Случалось, в судьбе сценария роковую роль играли не привходящие обстоятельства — черные списки, подсиживания, непрофессиональные соавторы и продюсеры, а сам сценарист. Продюсер Уолтер Уонгер нанял Фицджеральда и Бадда Шульберга написать сценарий «Дартмутский фестиваль» по рассказу последнего и с этой целью отправил соавторов в Дартмут, где разворачивается действие мелодрамы Шульберга. Героиня, юная Джилл, бежит с ребенком от жестокосердного мужа и отстает от поезда в Дартмуте, где разыгрывается снежная буря, — довольно плоская метафора растрепанных чувств героини. Герои сценария и его авторы действуют синхронно: Джилл убегает от мужа, а Фицджеральд — от Шульберга: в номере Скотт напивается и оставляет соавтору духоподъемную записку: «Я запил, дружище, и теперь ты меня никогда не найдешь!» Результаты дартмутской вылазки неутешительны. Во-первых, продюсер отказывается от услуг горе-сценаристов, пивших с утра до вечера, толковавших о книгах и ничего не написавших, а заодно — и от всего проекта. И во-вторых, Скотту пришлось, прежде чем он бесславно вернулся в Голливуд, две недели пролежать в больнице, а по возвращении в строй всем говорить, что лечился не от запоя, а от внезапно открывшегося туберкулеза…

Ссоры с продюсерами и соавторами происходят у Фицджеральда регулярно. В январе 1938 года он завершает сценарий по «Трем товарищам» Ремарка и остается своей работой доволен. Доволен Скотт; доволен и авторитетный кинокритик «Нью-Йорк таймс» Фрэнк Наджент, включивший «Три товарища» в десятку лучших фильмов 1938 года. Фильмов — не сценариев. «Это исключительно удачная картина, — писал Наджент. — Вне всяких сомнений, она войдет в десять лучших фильмов 1938 года. Такой фильм пропустить никак нельзя». А вот на студии сценарием остались недовольны. Недоволен соавтор Скотта Тед Парамор, решивший, ознакомившись с киноверсией романа Ремарка, что ее еще предстоит «довести до ума». Недоволен и продюсер Джозеф Манкевич, который садится сценарий переписывать. Переписывает и, по мнению Фицджеральда, только портит; Скотт читает окончательную версию и свой сценарий не узнает. Парамору и Манкевичу он пишет, по существу, одно и то же. Парамору: «Я не написал бы четыре романа, из которых четыре же стали бестселлерами, и полторы сотни самых высокооплачиваемых рассказов, если бы обладал воображением и вкусом капризного ребенка, неспособного отличить хорошее от плохого». Манкевичу: «Сказать, что я разочарован, значит ничего не сказать. Мне страшно тяжело сознавать, что плоды многомесячных трудов и раздумий могут быть безрассудно уничтожены за одну неделю… В течение девятнадцати лет я писал книги, становившиеся бестселлерами, и считалось, что диалоги мне удавались как никому. Вы же решили, что диалог плох, и Вам ничего не стоит переписать его за каких-нибудь несколько часов. Что ж, продюсеры всегда правы. А ведь я хороший писатель, честное слово. По правде говоря, я думал, что Вы будете играть в честную игру».
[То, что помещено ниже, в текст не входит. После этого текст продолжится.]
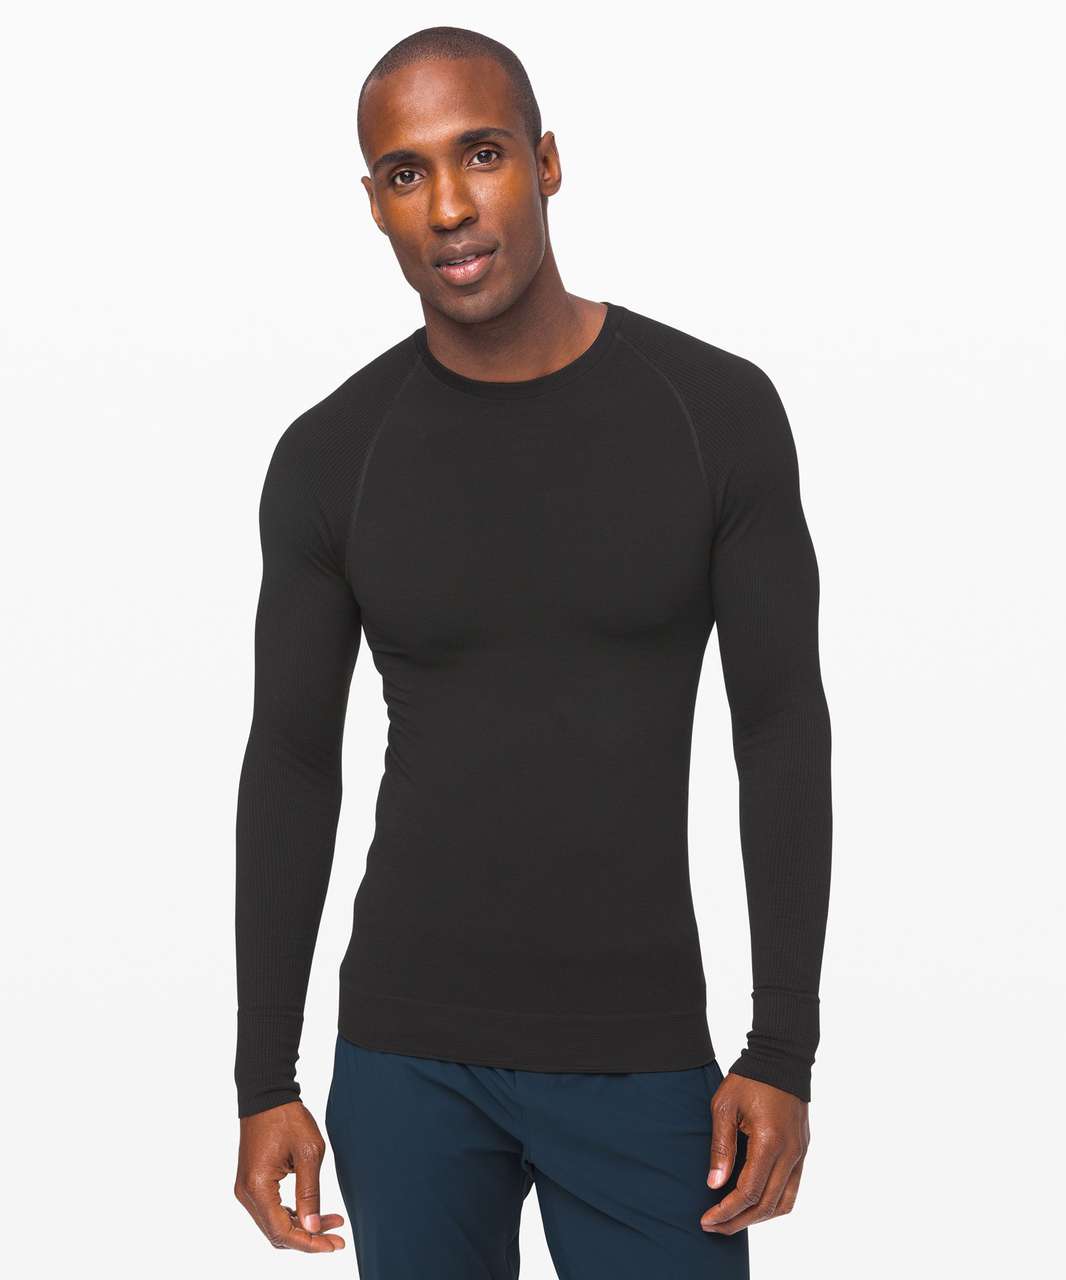 https://storage.googleapis.com/lulu-fanatics/product/72089/1280/lululemon-keep-the-heat-thermal-long-sleeve-shirt-black-0001-386421.jpg

Мотив «ведь я хороший писатель, честное слово», «в Голливуде не понимают, с кем имеют дело» звучит в его письмах и «Записных книжках» конца 1930-х годов постоянно. «Пойми, что после „Трех товарищей“ я делаю здесь последние, мучительные усилия человека, которому когда-то удавалось писать ярче и лучше» — это он дочери. А вот, за полгода до смерти, — Перкинсу, от которого не скрывает, что хочет печататься, хотел бы переиздать «Гэтсби»: «Надо же, дать так много и умереть полностью и несправедливо забытым! Меж тем даже теперь в американской прозе найдется немного писателей моего класса; по-своему я был самобытен». Написано, что называется, кровью сердца, а ведь в письмах другу-редактору Фицджеральд всегда старался сохранить хорошую мину даже при очень плохой игре — вспомним их с Перкинсом многолетнюю переписку по поводу романа «Ночь нежна».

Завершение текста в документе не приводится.